Since the listing below shows pictures, leave them out and write out exactly the lines from the line with "edgestar dwp60es user" to the line with "Black and white", both included, and no others.

* [Extracted records]
* * *

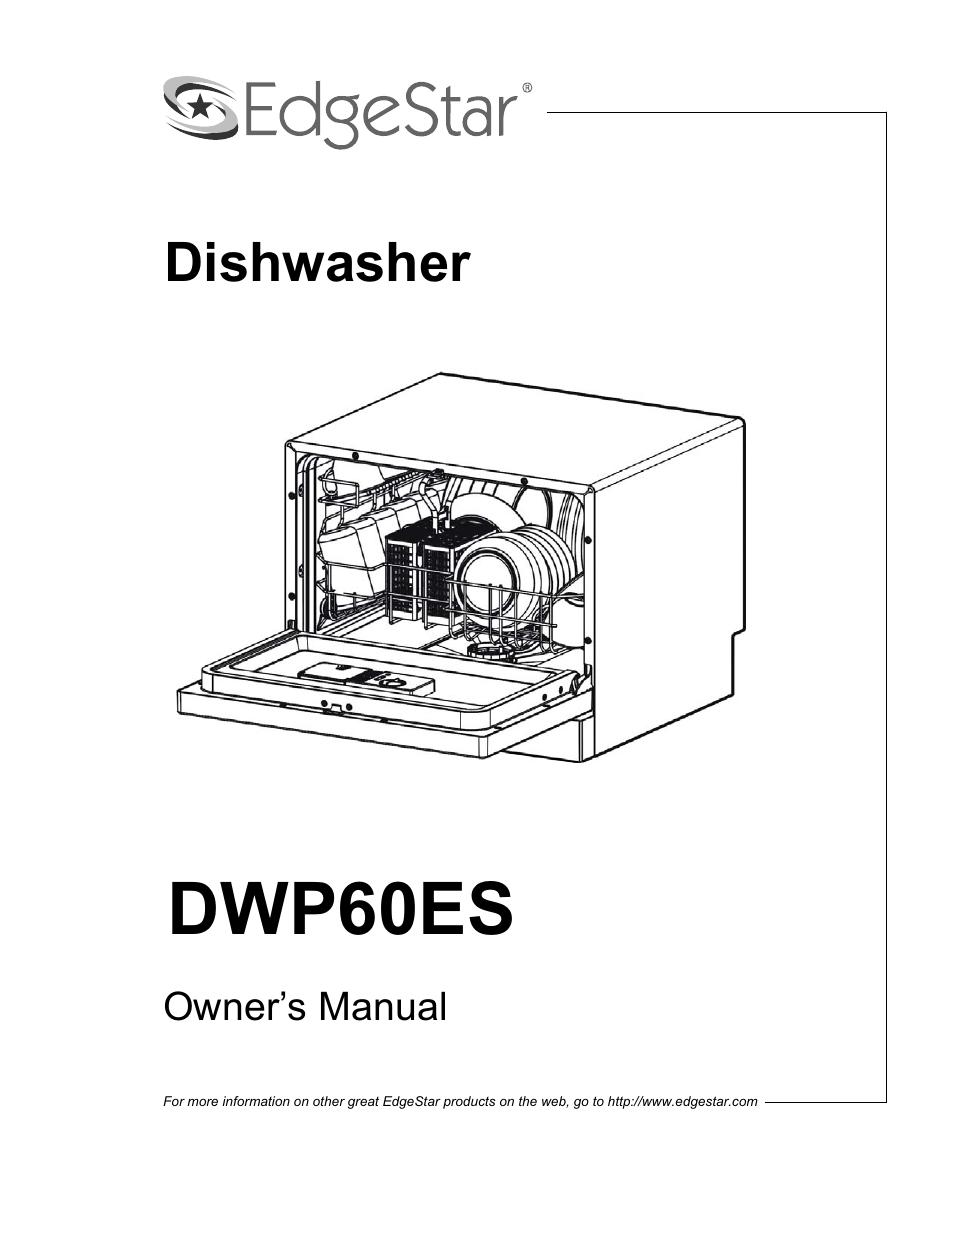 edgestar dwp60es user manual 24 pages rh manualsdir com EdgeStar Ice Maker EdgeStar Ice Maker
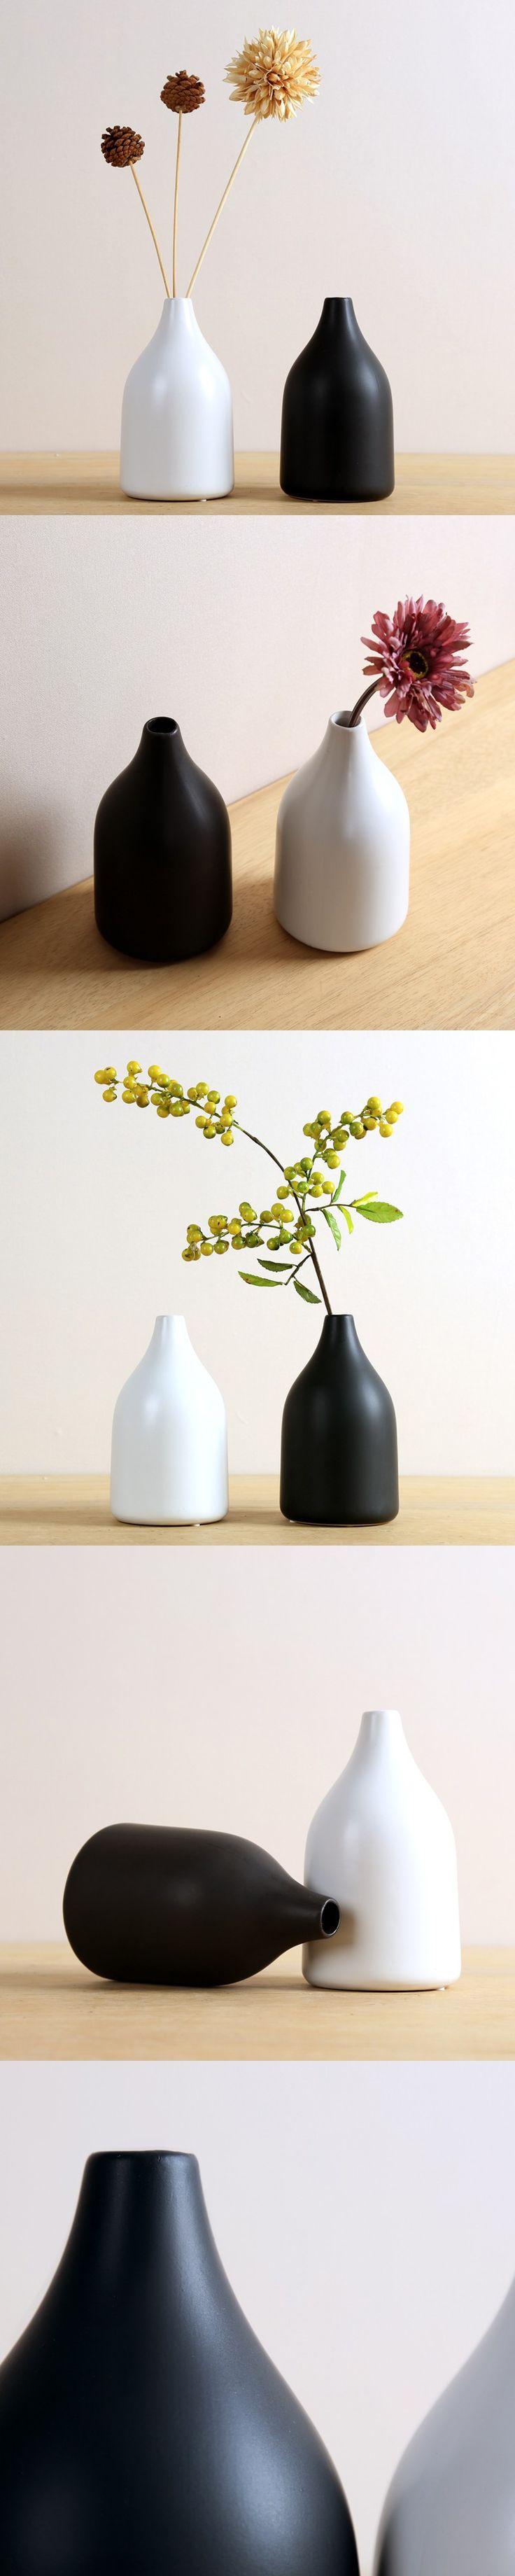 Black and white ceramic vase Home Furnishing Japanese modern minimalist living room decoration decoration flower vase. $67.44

* * *

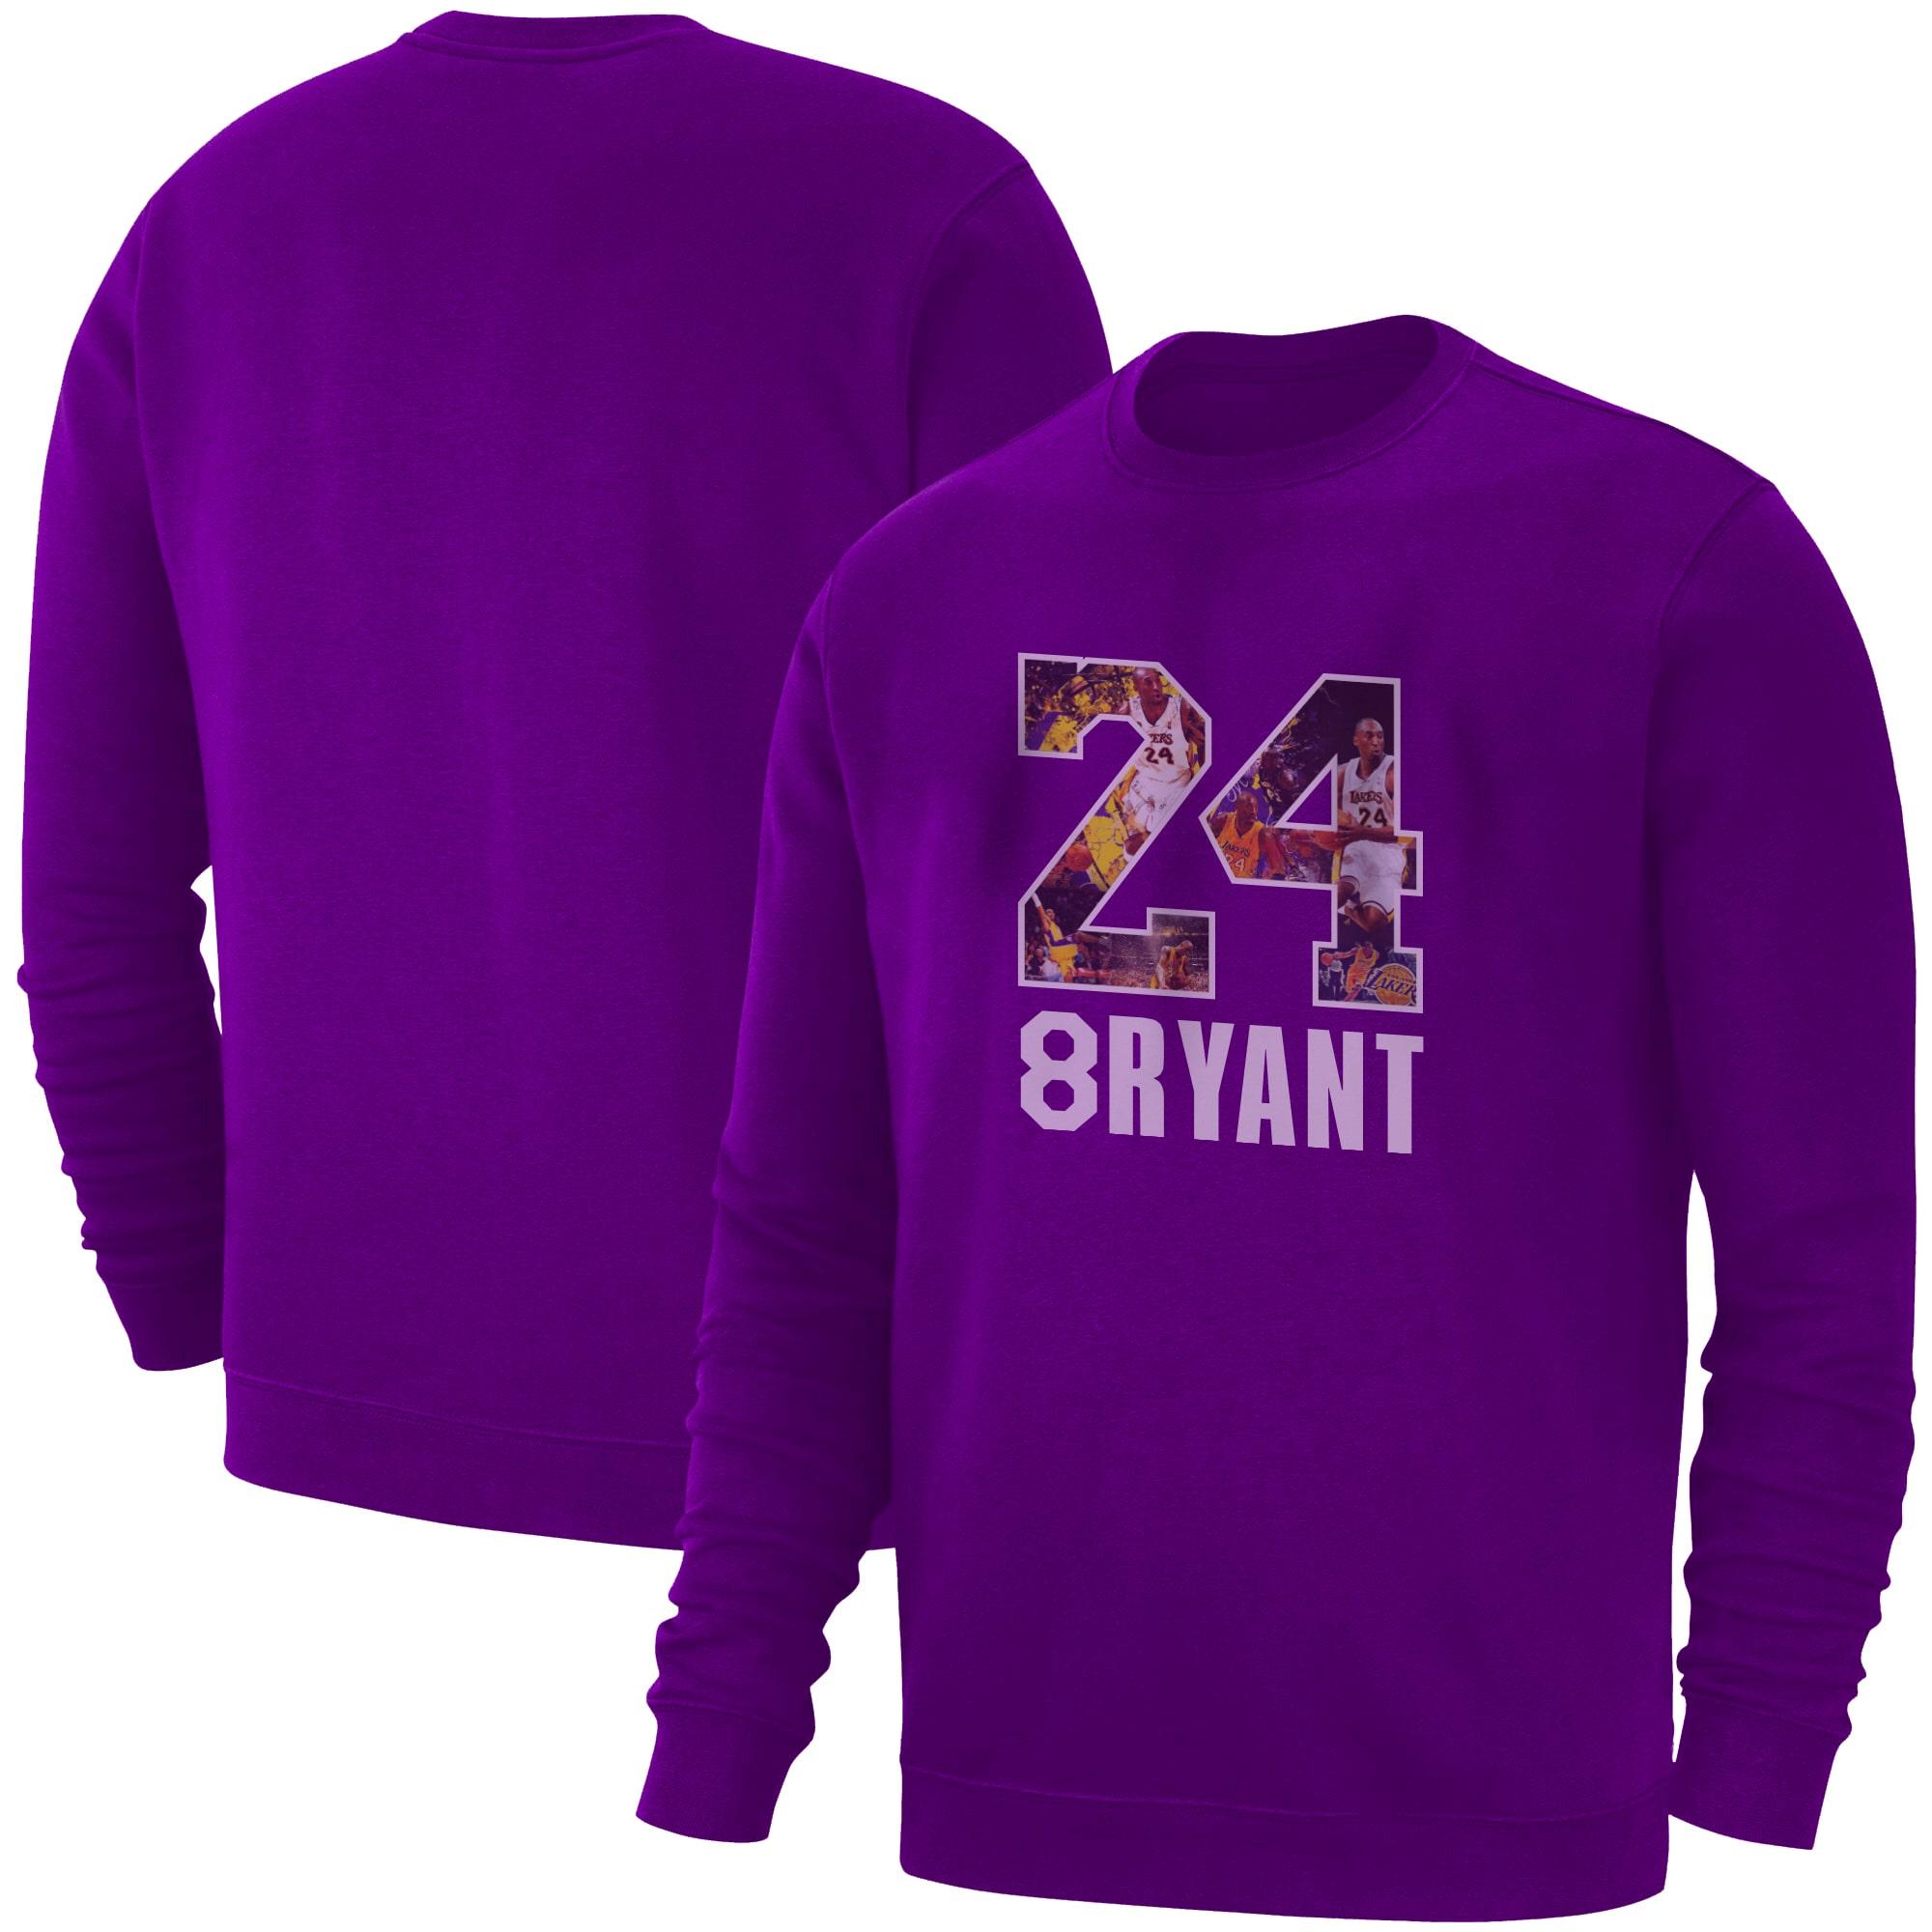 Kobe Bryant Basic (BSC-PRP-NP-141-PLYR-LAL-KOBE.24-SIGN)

* * *

* [Exercise result]
 edgestar dwp60es user manual 24 pages rh manualsdir com EdgeStar Ice Maker EdgeStar Ice Maker
 Black and white ceramic vase Home Furnishing Japanese modern minimalist living room decoration decoration flower vase. $67.44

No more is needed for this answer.